Neighbourhood botch: the real-estate state and the empire of finance | Thinkpiece | Architectural Review
▻https://www.architectural-review.com/essays/reviews/neighbourhood-botch-the-real-estate-state-and-the-empire-of-finance/10044516.article
Government policies have led to the egregious destruction of housing access for the poor, while lining the pockets of the elite
One of the most breached of rights declared by the UN at its inception is the right to be decently and securely housed, as Raquel Rolnik reminds the reader at the start of her book on the global housing crisis. Her panoramic, newly translated book from 2015, Urban Warfare, and Samuel Stein’s new short polemic, Capital City, both chart how housing ceased to mean a place in which to live as of right, and transformed instead into a financial instrument.

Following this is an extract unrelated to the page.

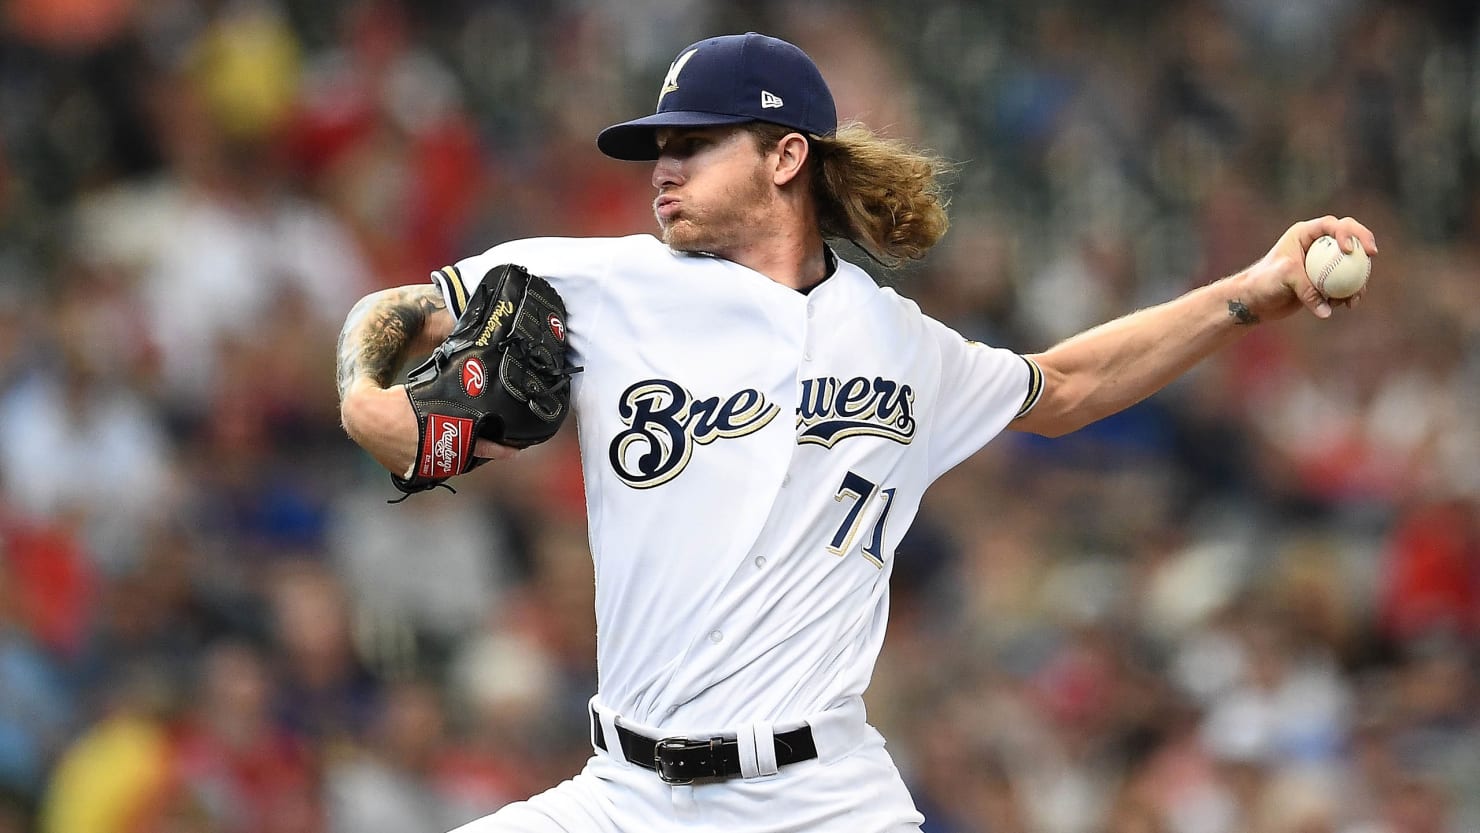 Brewers All-Star Josh Hader Was Exposed as a Teen Racist. What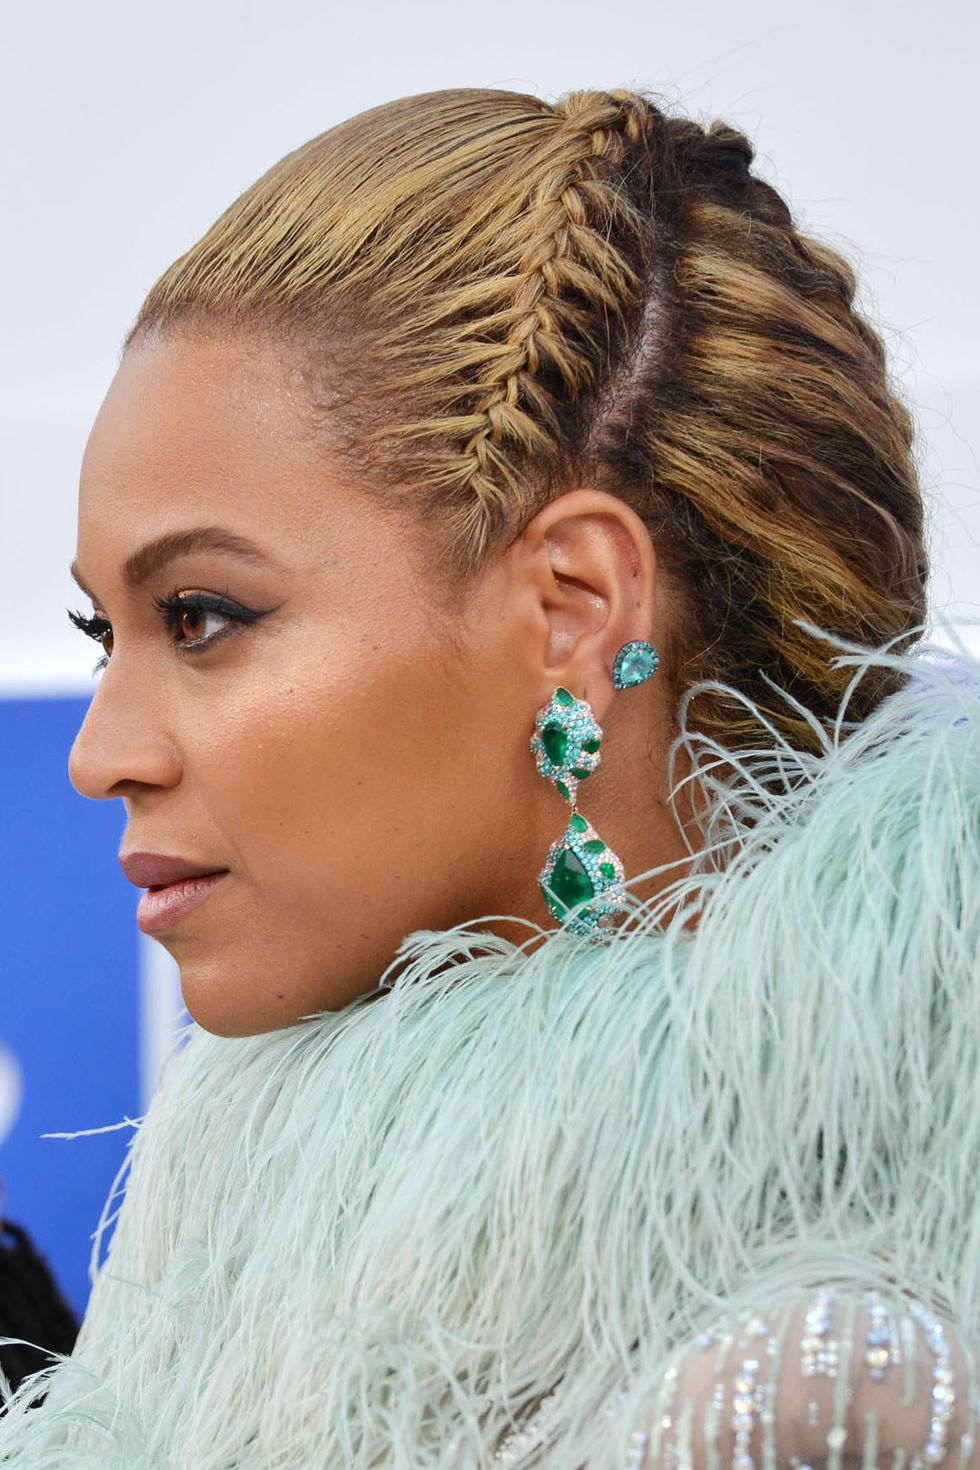 Dutch Braids Are Classic, Protective And These 9 Women Are Rocking

Since the mid-1970s, successive governments across the world have helped along this transformation, regardless of the consequences for that original ‘right’. These changes have become the orthodoxy of the World Bank – it once lent 90 per cent of its housing budget to public housing schemes, but this has now shrunk to less than 10 per cent – and of that alleged champion of social democratic values, the European Union, which, in 2008, ruled that public housing could only be provided for those who couldn’t afford the market’s product. Offering decommodification to anyone who isn’t desperate is an impermissible interference with the free market.